Laplace operator in the context of "Del"

Pierre-Simon, Marquis de Laplace (/ləˈplɑːs/; French: [pjɛʁ simɔ̃ laplas]; 23 March 1749 – 5 March 1827) was a French polymath, a scholar whose work has been instrumental in the fields of physics, astronomy, mathematics, engineering, statistics, and philosophy. He summarized and extended the work of his predecessors in his five-volume Mécanique céleste (Celestial Mechanics) (1799–1825). This work translated the geometric study of classical mechanics to one based on calculus, opening up a broader range of problems. Laplace also popularized and further confirmed Sir Isaac Newton's work. In statistics, the Bayesian interpretation of probability was developed mainly by Laplace.

Laplace formulated Laplace's equation, and pioneered the Laplace transform which appears in many branches of mathematical physics, a field that he took a leading role in forming. The Laplacian differential operator, widely used in mathematics, is also named after him. He restated and developed the nebular hypothesis of the origin of the Solar System and was one of the first scientists to suggest an idea similar to that of a black hole, with Stephen Hawking stating that "Laplace essentially predicted the existence of black holes". He originated Laplace's demon, which is a hypothetical all-predicting intellect. He also refined Newton's calculation of the speed of sound to derive a more accurate measurement.

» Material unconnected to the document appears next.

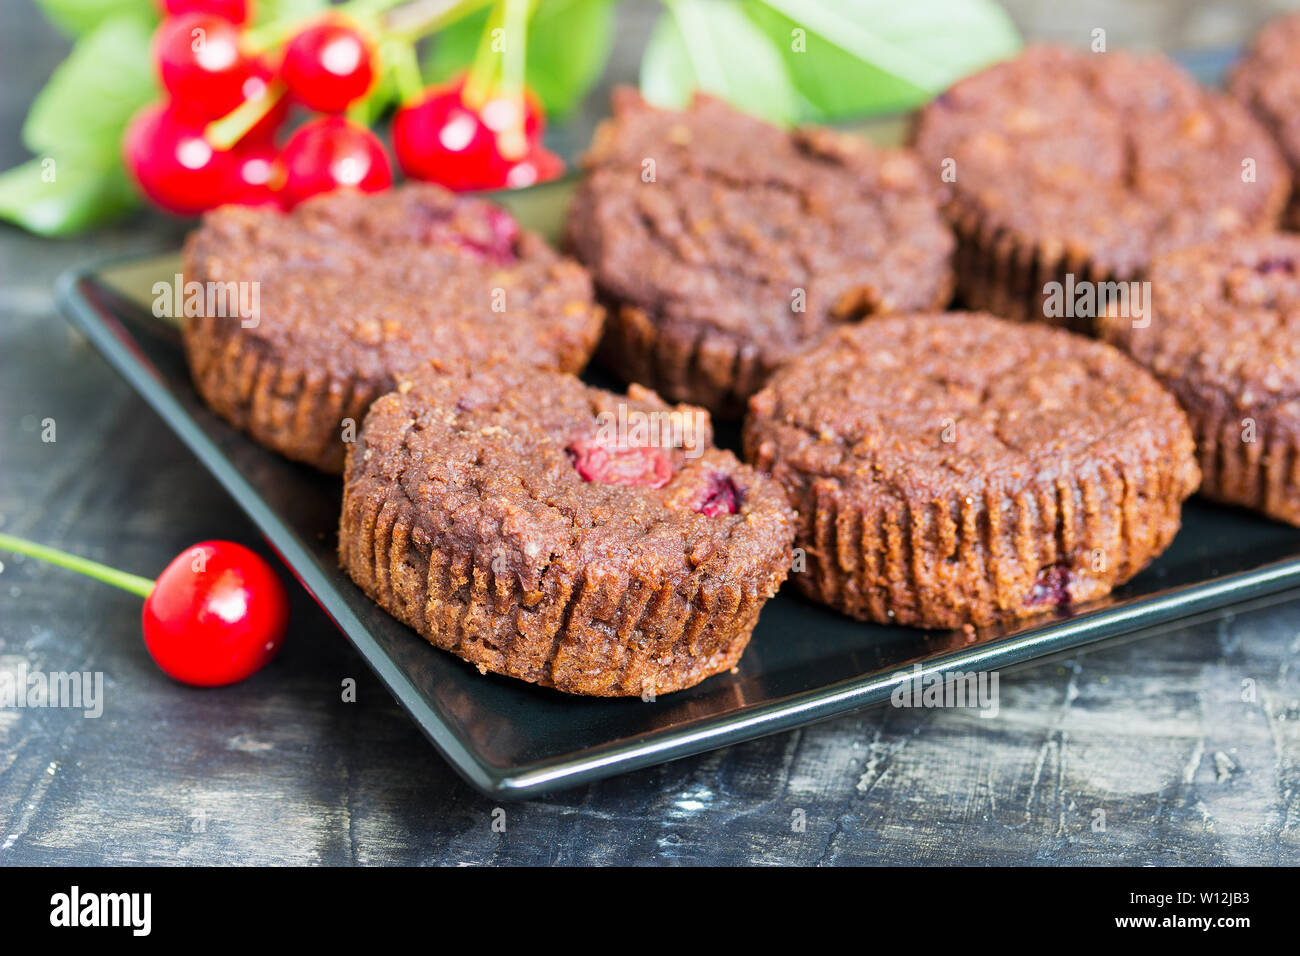 Chocolate muffin with fresh cherries on a plate Stock Photo

In mathematics and physics, Laplace's equation is a second-order partial differential equation named after Pierre-Simon Laplace, who first studied its properties in 1786. This is often written as$${\displaystyle \nabla ^{2}\!f=0}$$ or $${\displaystyle \Delta f=0,}$$where ${\displaystyle \Delta =\nabla \cdot \nabla =\nabla ^{2}}$ is the Laplace operator, ${\displaystyle \nabla \cdot }$ is the divergence operator (also symbolized "div"), ${\displaystyle \nabla }$ is the gradient operator (also symbolized "grad"), and ${\displaystyle f(x,y,z)}$ is a twice-differentiable real-valued function. The Laplace operator therefore maps a scalar function to another scalar function.

If the right-hand side is specified as a given function, ${\displaystyle h(x,y,z)}$, we have$${\displaystyle \Delta f=h}$$